To the extent the witnesses gave trial testimony that was inconsistent with their statements, the inconsistent portions of the statements would also be admissible as prior inconsistent statements under N.J.R.E. 803(a)(1), as the trial judge observed. See Burns, supra, 192 N.J. at 337.

Travers argues that, because the trial judge failed to enumerate and discuss the factors outlined in State v. Gross, 121 N.J. 1, 10 (1990), her decision at the Rule 104 hearing must be reversed.*fn4 Those factors are:

(1) the declarant's connection to and interest in the matter reported in the outof-court statement, (2) the person or persons to whom the statement was given, (3) the place and occasion for giving the statement, (4) whether the declarant was then in custody or otherwise the target of investigation, (5) the physical and mental condition of the declarant at the time, (6) the presence or absence of other persons, (7) whether the declarant incriminated himself or sought to exculpate himself by his statement, (8) the extent to which the writing is in the declarant's hand, (9) the presence or absence, and the nature of, any interrogation, (10) whether the offered sound recording or writing contains the entirety, or only a portion of the summary, of the communication, (11) the presence or absence of any motive to fabricate, (12) the presence or absence of any express or implicit pressures, inducement or coercion for making the statement, (13) whether the anticipated use of the statement was apparent or made known to the declarant, (14) the inherent believability or lack of believability of the statement, and (15) the presence or absence of corroborating evidence.

Although the factors were not specifically mentioned at the hearing, most of the underlying factual information was developed through Doyle's testimony.

According to Doyle, Silver was never viewed as a suspect, nor was she in custody.
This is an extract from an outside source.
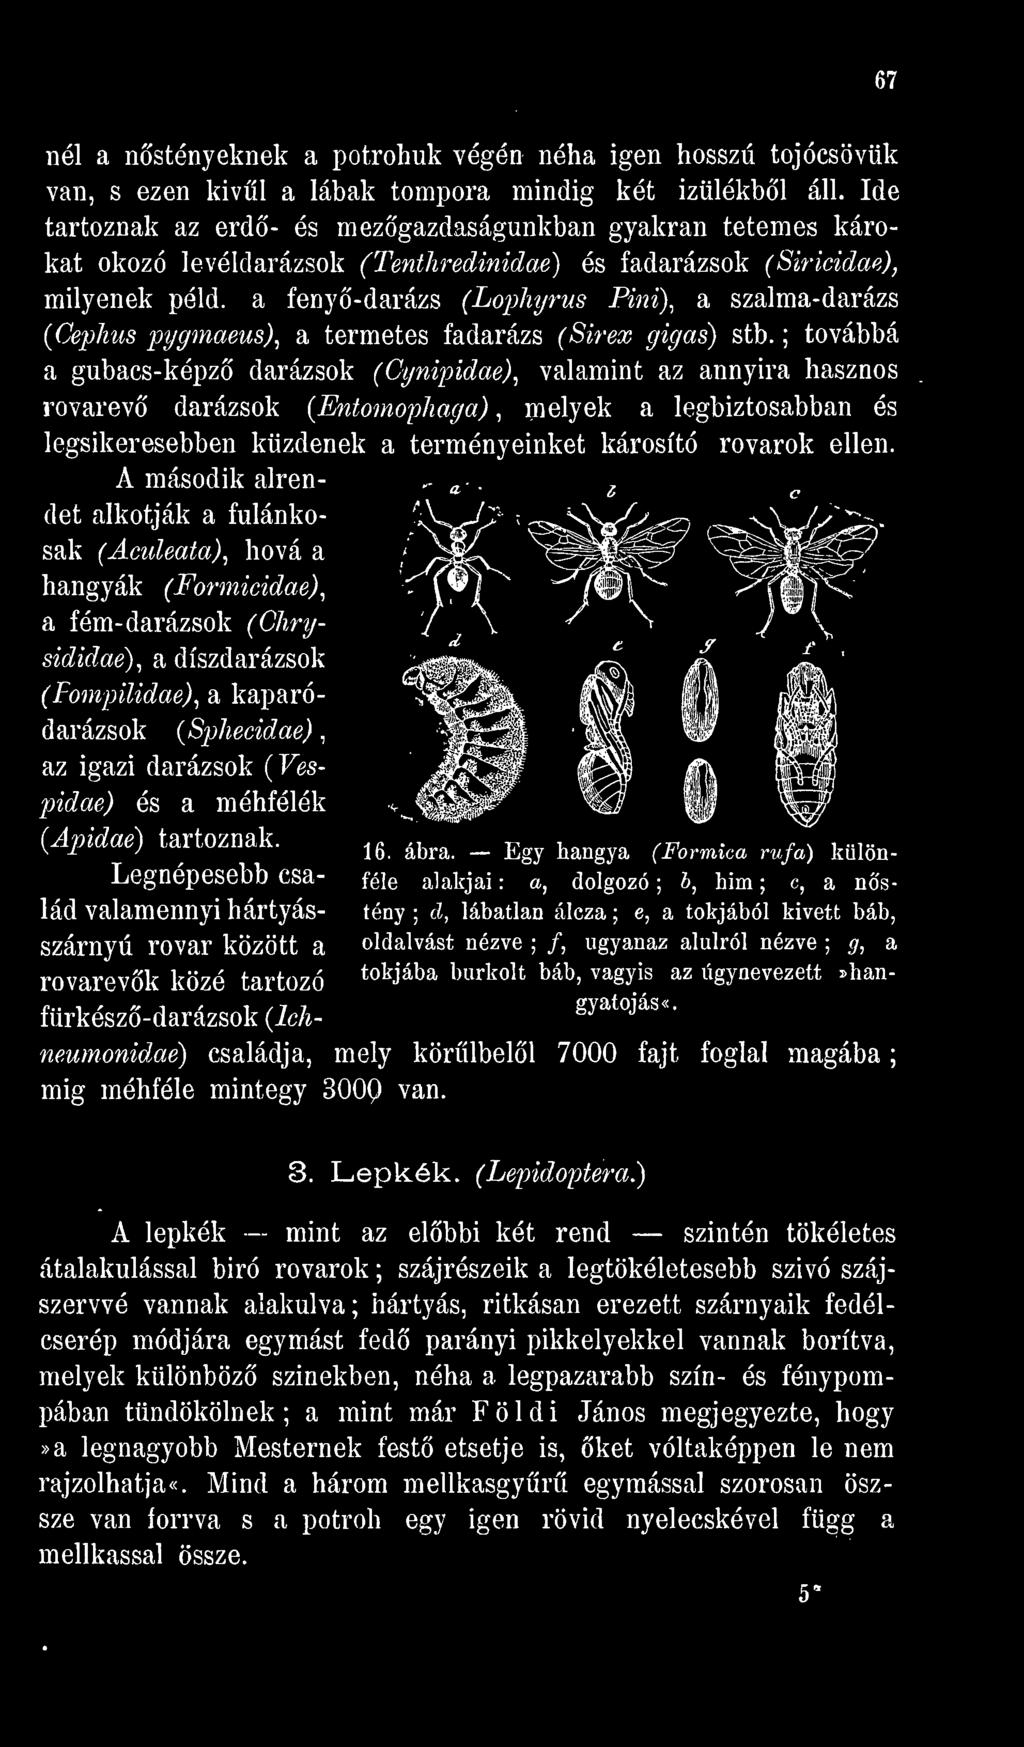 A második alrendet alkotják a fulánkosak (Aculeata), hová a hangyák a (Formicidae), fém- darázsok (Chrysididae), a díszdarázsok (Fompüidae), a kaparódarázsok (Sphecidae), az igazi darázsok (Vespidae)

Instead, she was viewed as the victim of criminal activity. Doyle described her as "shaken" and in a "state of disbelief." Although she had been up all night and into the morning, she declined the opportunity to go home and give her statement at a later time. Doyle saw no signs that she was under the influence of drugs or alcohol. The statement was taken by Doyle in an office at police headquarters. No recording devices were used for the statement. Instead, Doyle testified that he typed the questions and answers. LaGuerre was interviewed under similar circumstances a few days later. He came to police headquarters voluntarily. There was no evidence of coercion with respect to either of them.

There was corroboration of the statements given by LaGuerre and Silver, which were generally consistent with each other although not identical. Prior to giving her statement, Silver took Doyle to the scene of the alleged carjacking. While there, Doyle observed a vehicle that was registered to Travers' mother and had two flat tires. When he was interviewed, LaGuerre still had the marks of the injuries witnessed by Silver and some of the police officers at the scene. Robinson observed Travers emerging from the Pacifica, which had been rented by Silver, and driven by LaGuerre.

The theory of the defense was that Silver and LaGuerre were involved in drug dealing, and that they fabricated the story about Travers and the carjacking to divert suspicion from themselves. While the presence of a large amount of cash, LaGuerre's reputation as a drug dealer, a "hit" by a drug-sniffing K-9 dog, and the demand by Blackman that LaGuerre "give it up" lend credence to the theory that Silver and LaGuerre were engaged in illegal activity earlier that night, those facts are also consistent with Travers and Blackman having engaged in a carjacking or a robbery, or both. The object of the robbery could have been the $8,400 or the Pacifica, or both. The cash could have been the "it" sought by Blackman, who beat LaGuerre when he refused to "give it up."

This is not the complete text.